Latest Mac trojan spreads through Microsoft Word documents on unpatched versions of Office for Mac 2004 and 2008, which have had NO security patches installed since early 2009.

There, sorted.

Apple's JRE implementation predates OpenJDK by a long shot. I remember working with Apple's engineers at the WWDC in 2003 tracking down JRE bugs via gdb, and their implementation looked significantly different from others I'd worked with before at the time (notably the Linux Blackdown implementation). It was mostly done in Objective-C and Cocoa. Which is how they were able to create the Cocoa-Java bridge (popular at the time, but now defunct).

Before you get all high and mighty about how many lines of code you've written in Java and whatnot, remember that some of us have also worked with Java for a very long time as well. So let's change the tone a bit.

With regard to the programming language wars -- totally irrelevant. Any application runtime can and will have security holes to be exploited. Just because you've moved on to the next programming language du jour doesn't mean that people won't find similar security holes along the way with its runtime.

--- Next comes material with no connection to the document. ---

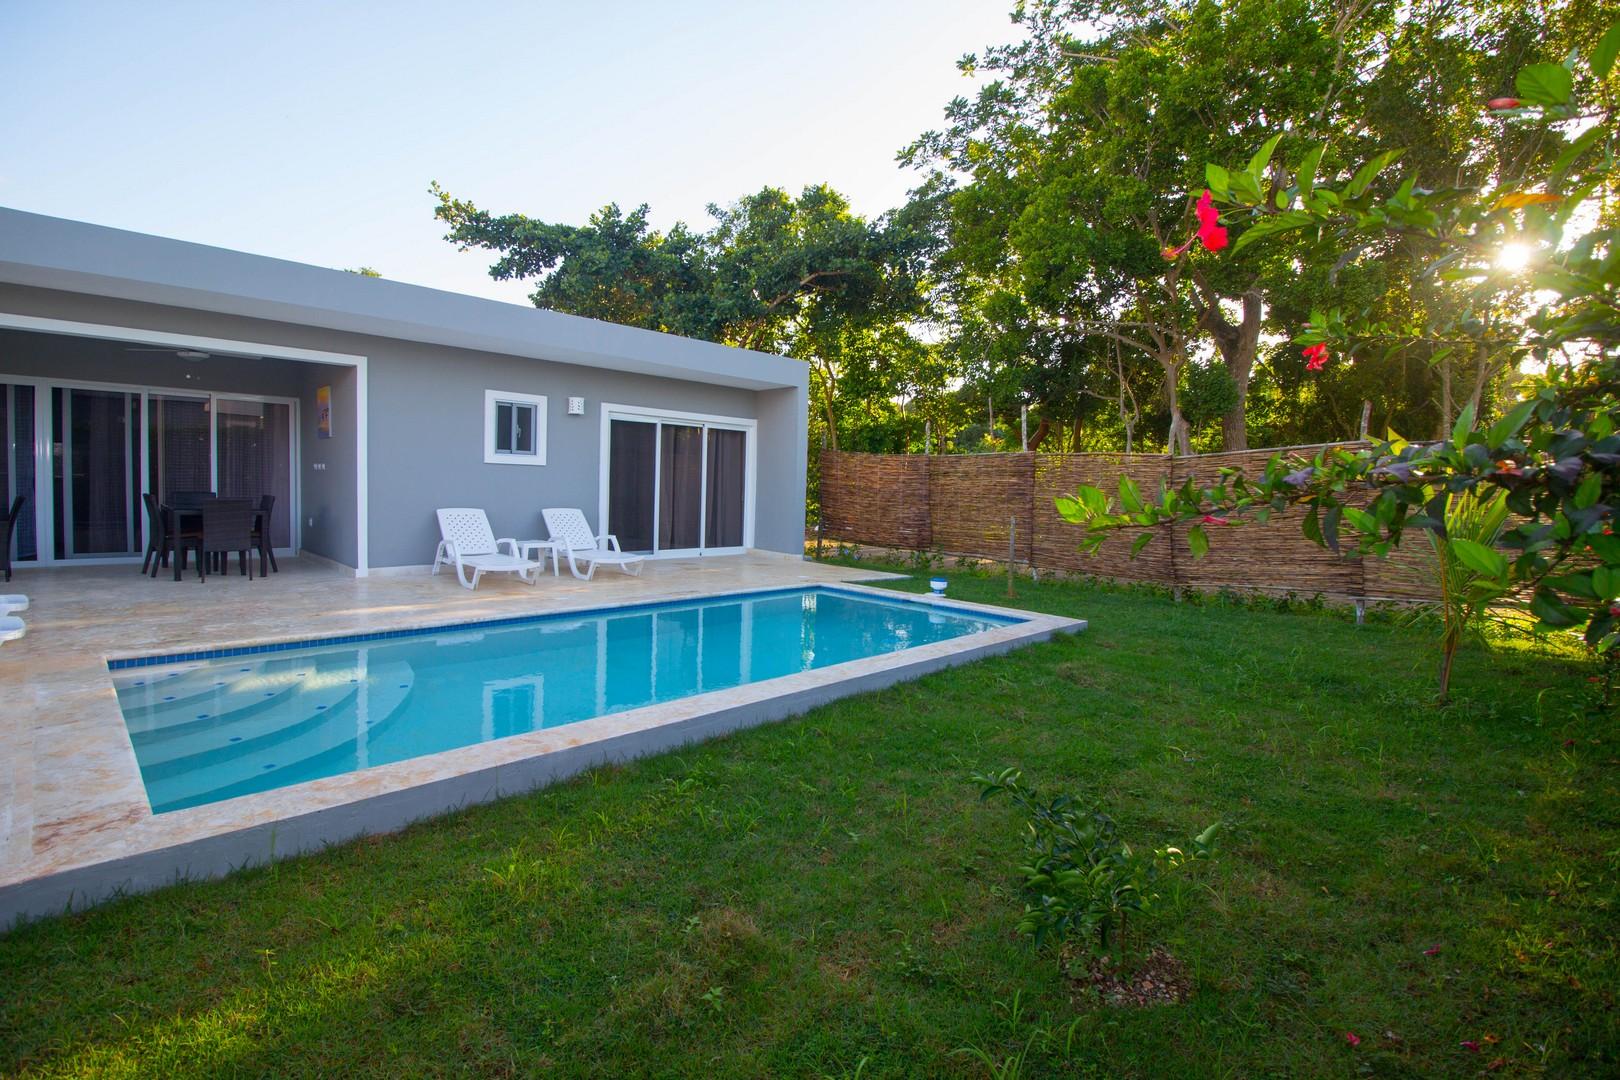 Residencial Casa Linda - 2 Bedroom Villas

You don't like the language, that's fine: every painter is allowed to have their own preferences in tools and mediums. But I've suffered enough developers who have to evangelize whatever new technology they decide to claim as their own (while completely dismissing everything else they've ever worked with before) to know that 'blind faith' is rarely beneficial.

Java still serves a purpose, there are still a number of good cross-platform applications which use it, so to launch a smear campaign against it which plays on FUD doesn't benefit anyone.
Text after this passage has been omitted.